A meta-regression analysis including more than 160,000 secondary prevention patients in 51 trials reaffirms that high-density lipoprotein cholesterol (HDL-C) is not a target for lipid-lowering therapy. In their conclusion, the authors question the rationale of developing HDL-targeted therapy.

Hourcade-Potelleret F, Laporte S, Lehnert V et al.
Clinical benefit from pharmacological elevation of high-density lipoprotein cholesterol: meta-regression analysis.
Heart 2015;0:1–7. doi:10.1136/heartjnl-2014-306691
Summary
Comments & References
STUDY SUMMARY
Objective: To investigate the relationship between pharmacological change in HDL-C and the effect on coronary heart disease (CHD) using a meta-regression model. This model was then applied to cholesteryl ester transfer protein (CETP) inhibition in the secondary prevention population.
Study design: Meta-regression analysis to explore the relationship between change of HDL-C, low-density lipoprotein cholesterol (LDL-C), total cholesterol and triglycerides (TG) concentrations and coronary risk in randomised controlled trials
Study population: The analysis included 167,311 patients in 51 studies; 31 trials tested statins (n=94,196), 6 trials tested fibrates (n=8,629 patients), 8 trials tested niacin (n=30,124 patients), and 6 tested CETP inhibitors on top of statins (n=34,362 patients). Patients included in this analysis were aged between 47 and 75 years, with the majority males. The average baseline HDL-C value ranged between 31 and 53 mg/dL (0.80-1.37 mmol/L).
Primary efficacity outcome: Coronary events, a composite of non-fatal myocardial infarction and coronary death
Methods: Inverse variance weighted meta-regression analysis was used to explore the relationship between control-corrected change of HDL-C, LDL-C, total cholesterol and TG concentrations and the relative risk of the primary clinical endpoint. Summary estimates of relative risk (RR) were obtained with a fixed-effect model. The fitting model was developed with trials of statins, fibrates and niacin interventions and was used as a basis to predict the effect of CETP inhibitors on coronary risk.
Main results:
  • The meta regression analysis did not show a significant association between change in HDL-C (treatment vs comparator) and logRR of the clinical endpoint. The change in log RR per mg/dL change in HDL-C was 0.0108 (standard error 0.0117), p=0.362. In contrast, there was a significant association between change in LDL-C and logRR of the primary outcome (p<0.0001).
  • The data for CETP inhibitors were consistent with the lack of association between HDL-C and clinical endpoint (relative risk 1.03; 95% CI 0.99–1.21).
Authors’ conclusion: This meta-regression analysis does not show a positive association between treatment effect on HDL-C increase up to 14 mg/dL (0.36 mmol/L) and reduction of coronary events.

COMMENT

The relevance of HDL-C as a modifiable cardiovascular risk factor – the ‘HDL hypothesis’ has long been a controversial issue.  It is now clear that while low plasma HDL-C concentration is undoubtedly a marker of cardiovascular risk, it is NOT a treatment target, supported by genetic and clinical trial data.1-3 The current study using a meta-regression analysis of clinical trials, a complementary approach to address this question empirically, is consistent with this view.
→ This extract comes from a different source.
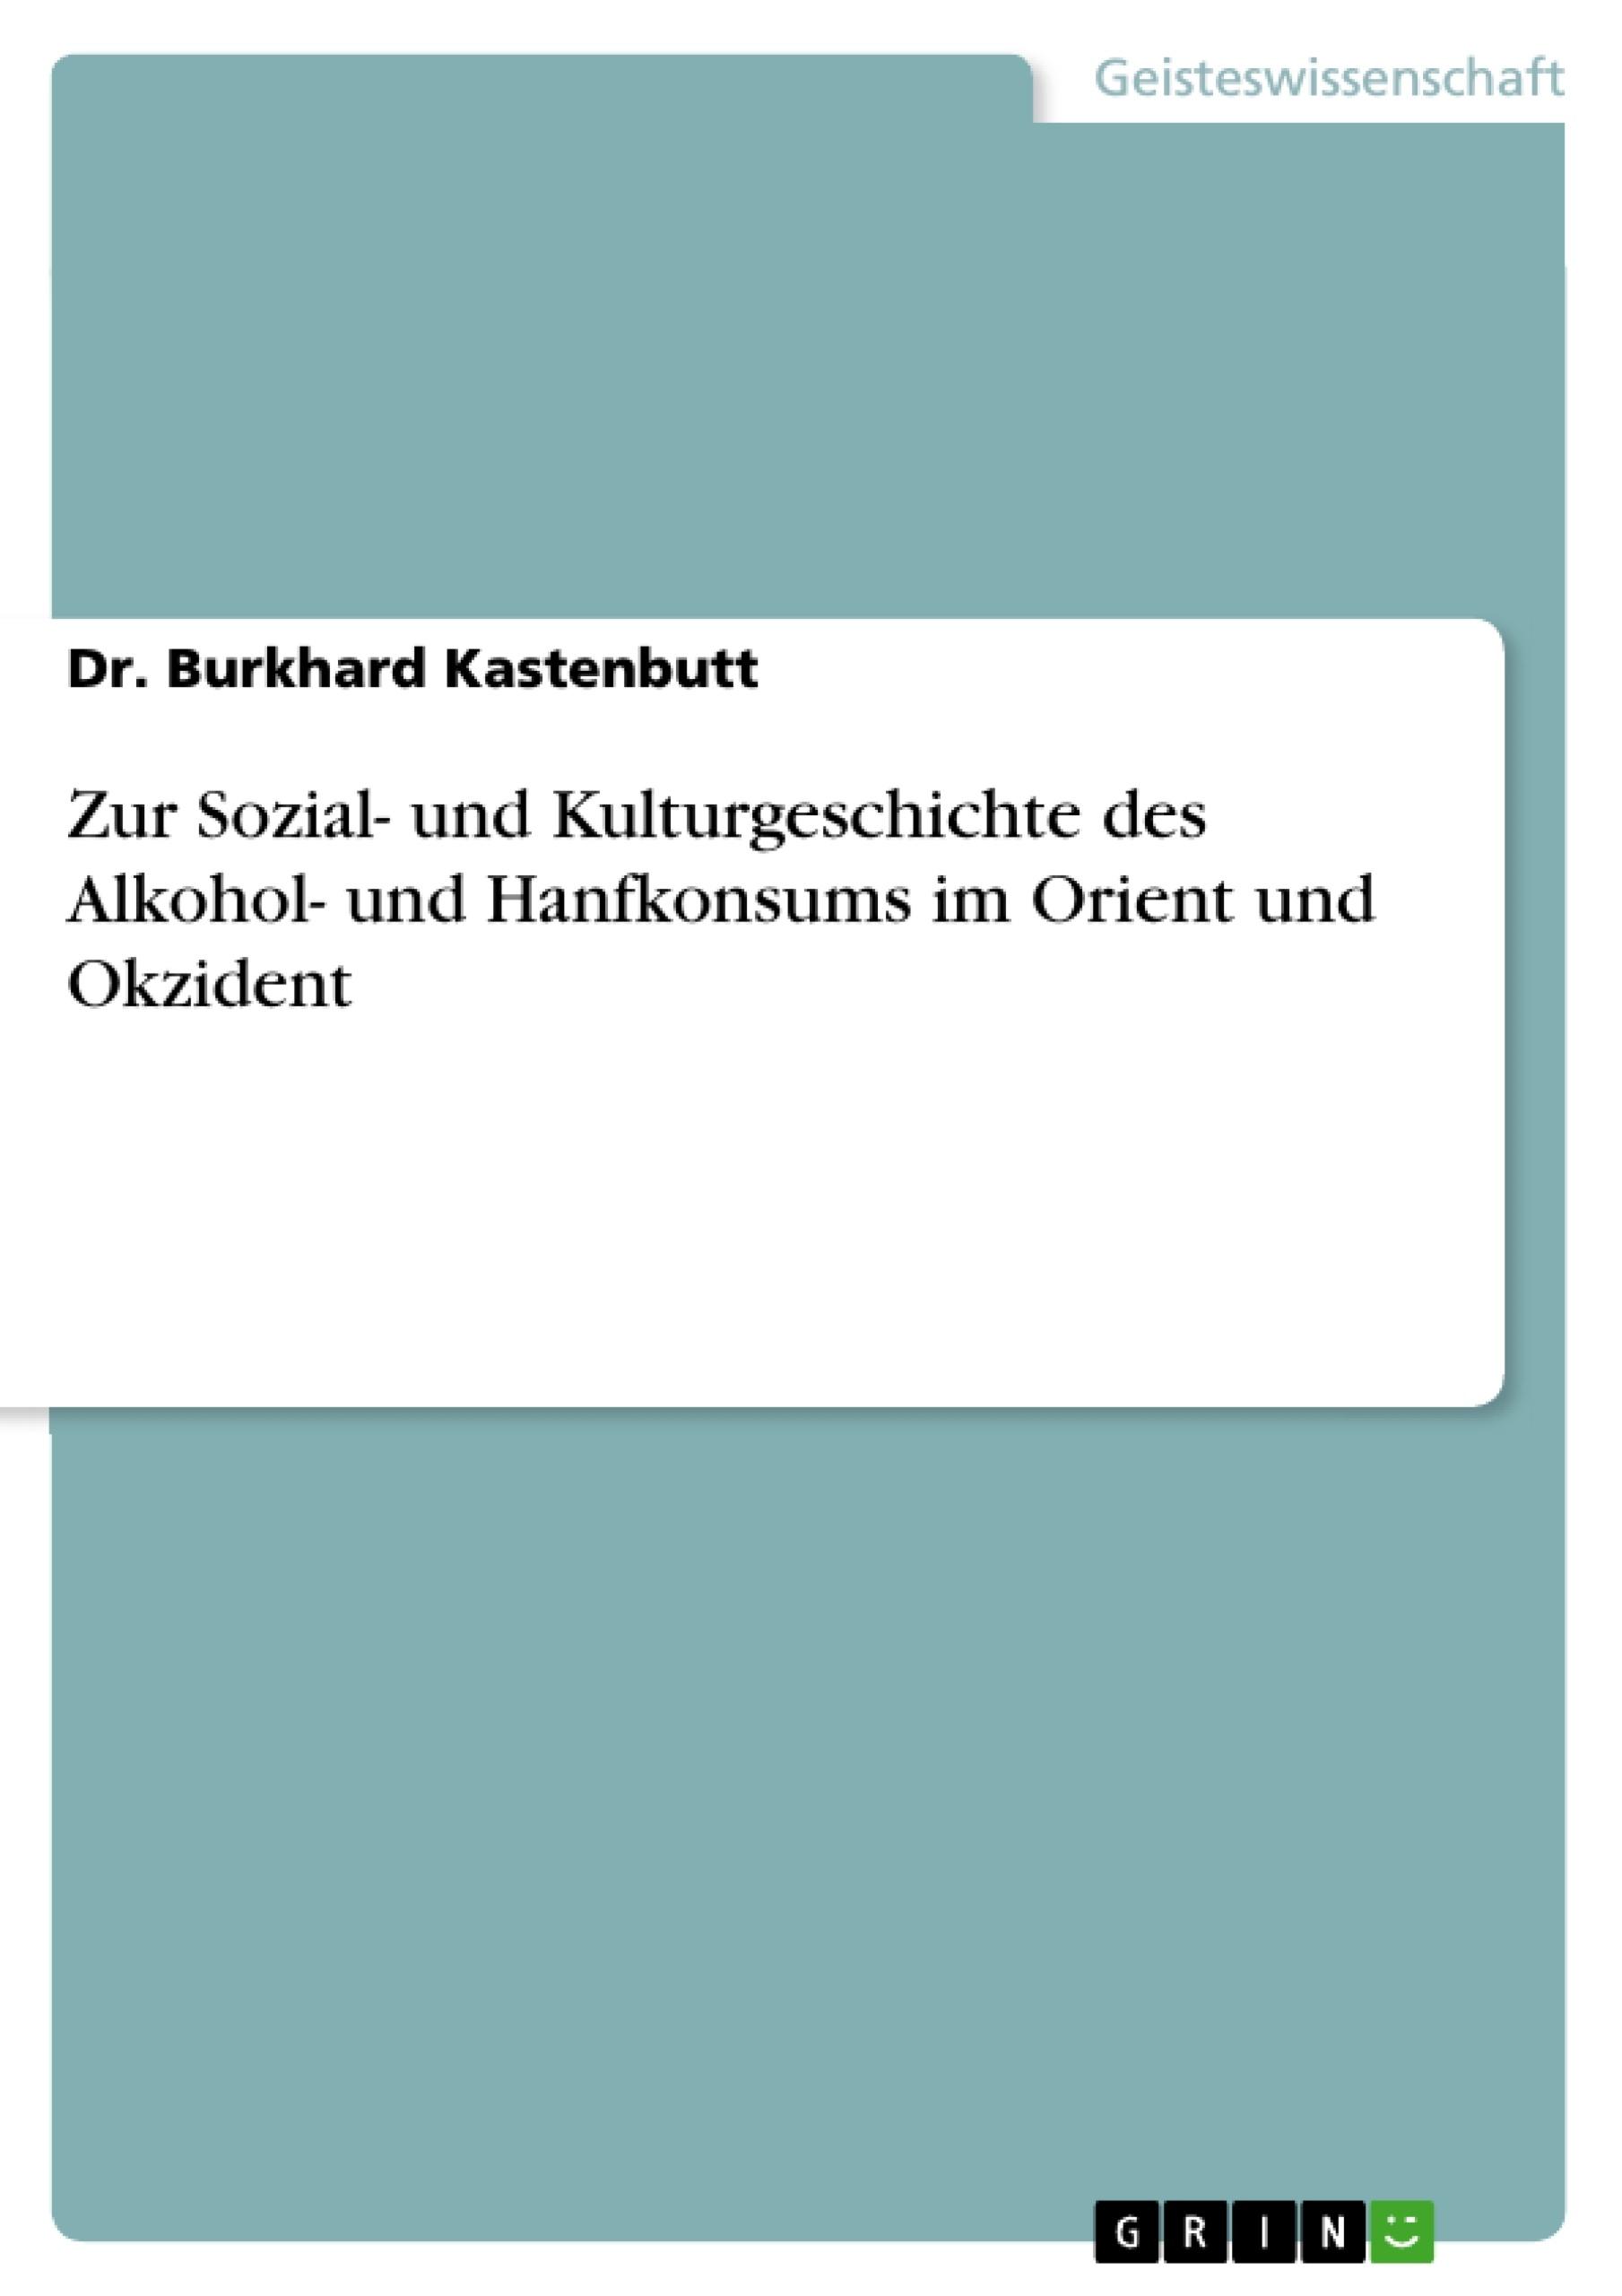 Titel: Zur Sozial- und Kulturgeschichte des Alkohol- und Hanfkonsums im Orient und Okzident

This conclusion is highly relevant in the context of two ongoing outcomes trials with the CETP inhibitors, anacetrapib and evacetrapib, which both lower plasma LDL-C concentration (by 25-35%) and raise HDL-C, on top of statin treatment.4,5 Given that pharmacological HDL-C raising is not associated with clinical benefit, is it therefore likely that any favourable effects from these trials could be driven by further LDL-C lowering (as these agents are given against a statin background), thus reinforcing the ‘lower is better’ LDL view?
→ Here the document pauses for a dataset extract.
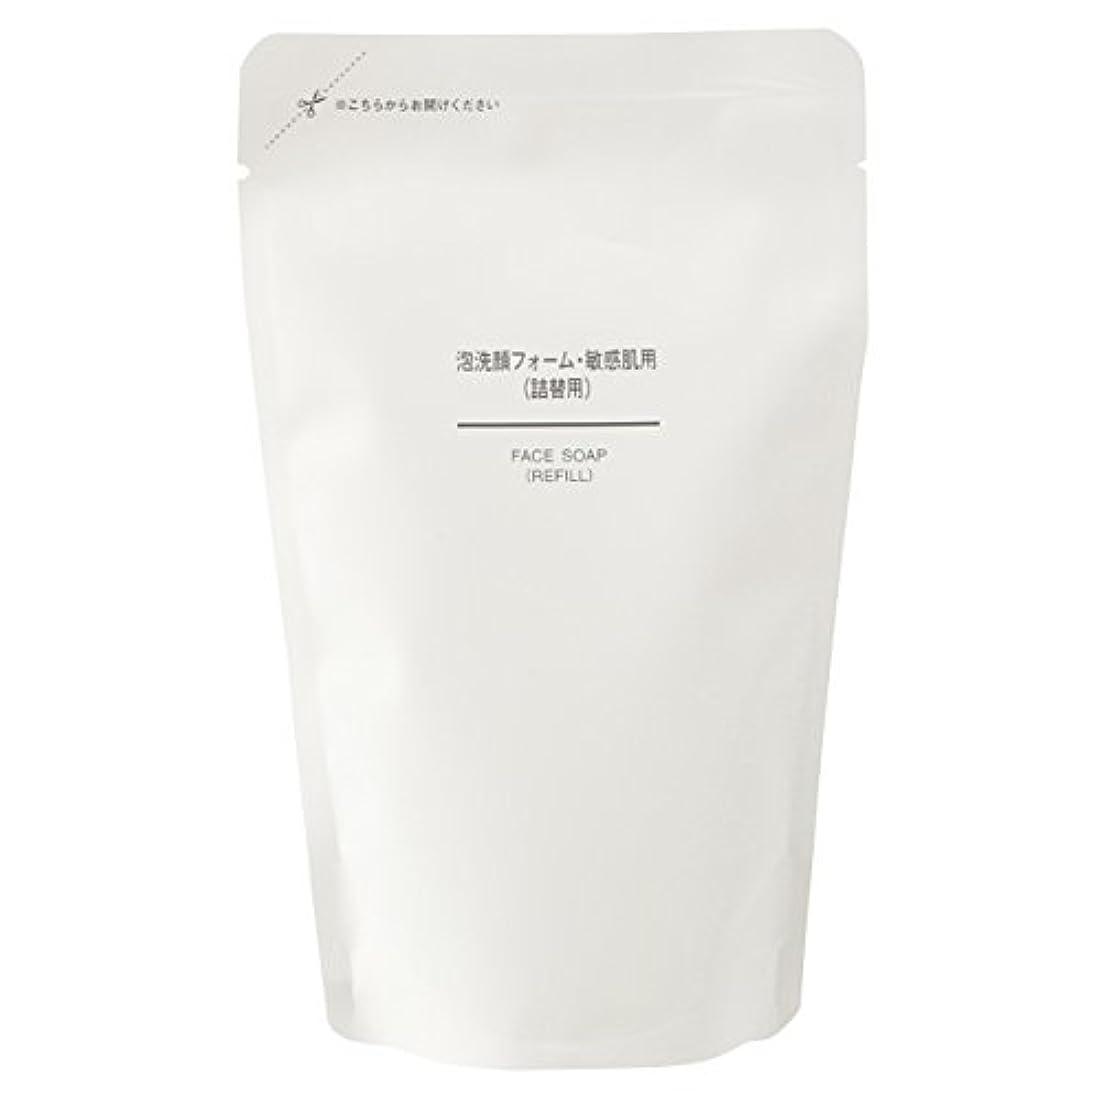 忘れる急速な反動無印良品 泡洗顔フォーム 敏感肌用(詰替用) 180ml

Alternatively, there has been suggestion that HDL functionality may offer further insights into the role of HDL, although at the moment this remains within the research domain. However, there is also controversy with this parameter. In a recent study,6 very high HDL-C plasma levels (mean 86 mg/dL or 2.22 mmol/L) were shown to be associated with reduced cholesterol efflux capacity, a key functionality implicated in the putative antiatherogenic actions of HDL.  Alternatively, the composition of the HDL particle may be relevant. In experimental studies, cholesterol-overloaded HDL particles were shown to exert a negative impact on the antiatherogenic functionality of HDL. Moreover, in clinical studies HDL particle composition was shown to independently associate with progression of carotid atherosclerosis.7 This finding might suggest potential for a novel parameter, the HDL cholesterol/HDL particle ratio (i.e. the combination of the cholesterol content and number of HDL particles) as a determinant of the antiatherogenic function of HDL.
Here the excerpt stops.